A: They should design and communicate with behaviour in mind, but the objective is not de-risking. If anything, the larger behavioural problem is people holding too much cash for too long and failing to take appropriate risks. The aim is to help investors hold the right level of risk through drawdowns, not to eliminate drawdowns.
A key distinction is between financial liquidity and emotional liquidity. Panic selling near market lows is often driven by anxiety rather than immediate spending needs. Portfolios can vary on non-risk characteristics that shape comfort and stickiness, such as smoothing, income emphasis, liquidity feel, active versus passive orientation, and sustainability alignment. Matching those characteristics to measurable behavioural profiles, and clearly explaining why a portfolio fits the individual can materially reduce harmful switching without altering the underlying long-term allocation.
Q: Behavioural nudges can improve outcomes. Where is the line between fiduciary responsibility and paternalism?
A: The useful framing is engagement-centric design.

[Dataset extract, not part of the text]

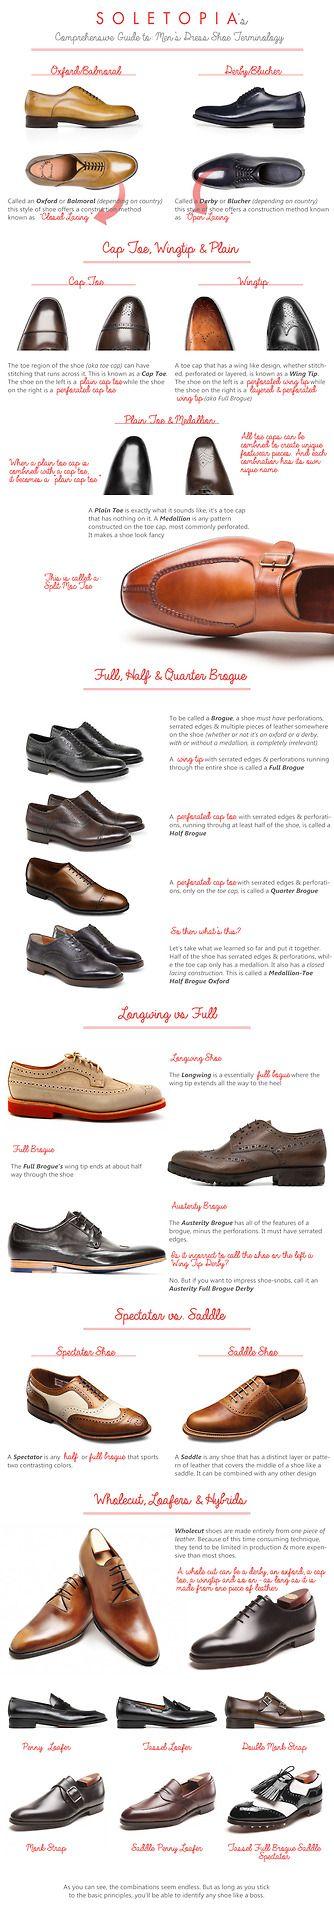 .Shoe Guide #Style #Fashion #Menswear Re-pinned by www.avacationrent... alles für Ihren Erfolg - www.ratsucher.de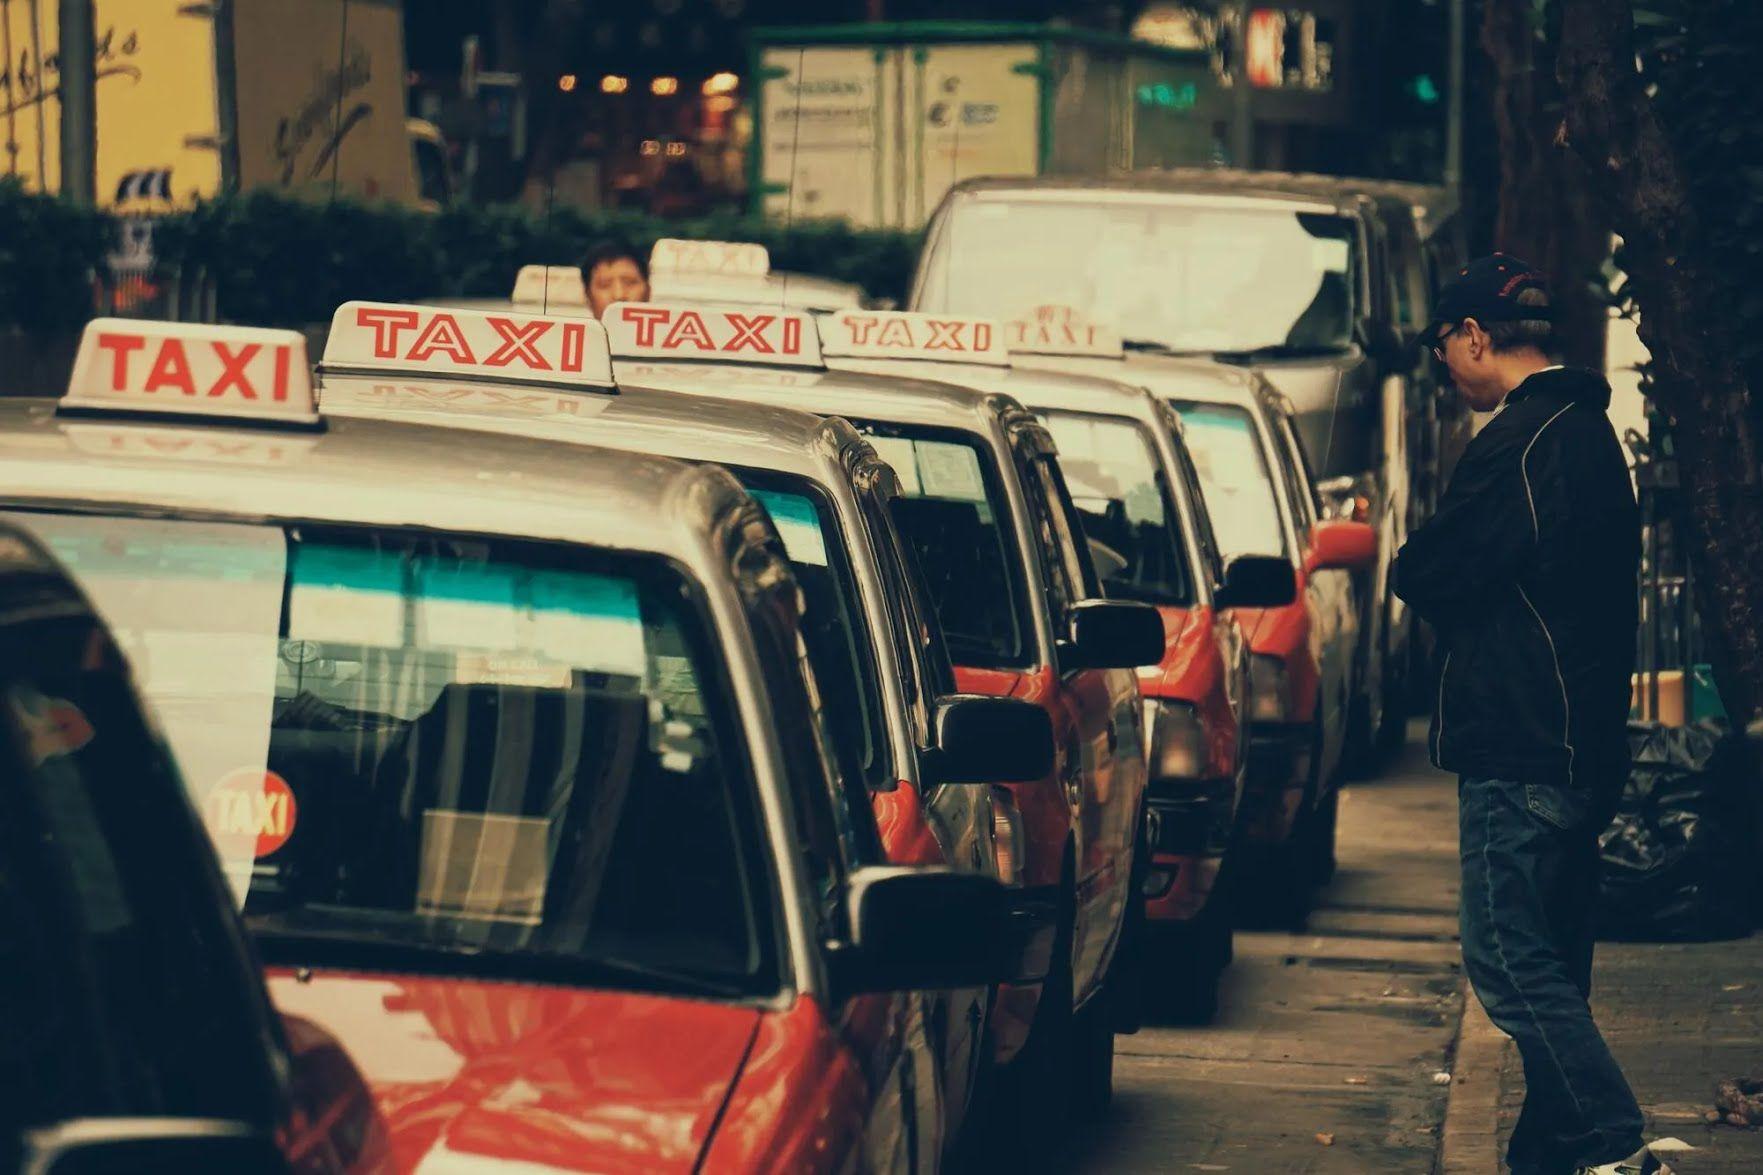 В стране запрещено парковаться на территории для такси

Firms will shape behaviour whether they intend to or not, so the question is whether that design is aligned with the investor’s interests, transparent and easy to override. Asymmetric paternalism provides a practical boundary: build guardrails that materially help those most likely to make costly mistakes, while imposing minimal burden on those who would choose differently.
In practice, that includes defaults that support long-term investing, clear warnings about consequences, and speed bumps for irreversible actions taken in moments of stress, all with straightforward opt-outs. The red line is hidden steering or exploiting vulnerability for commercial benefit. As personalisation becomes more powerful, particularly through AI-driven systems, governance, auditability, and explainability become central to maintaining trust and ensuring that engagement remains supportive rather than manipulative.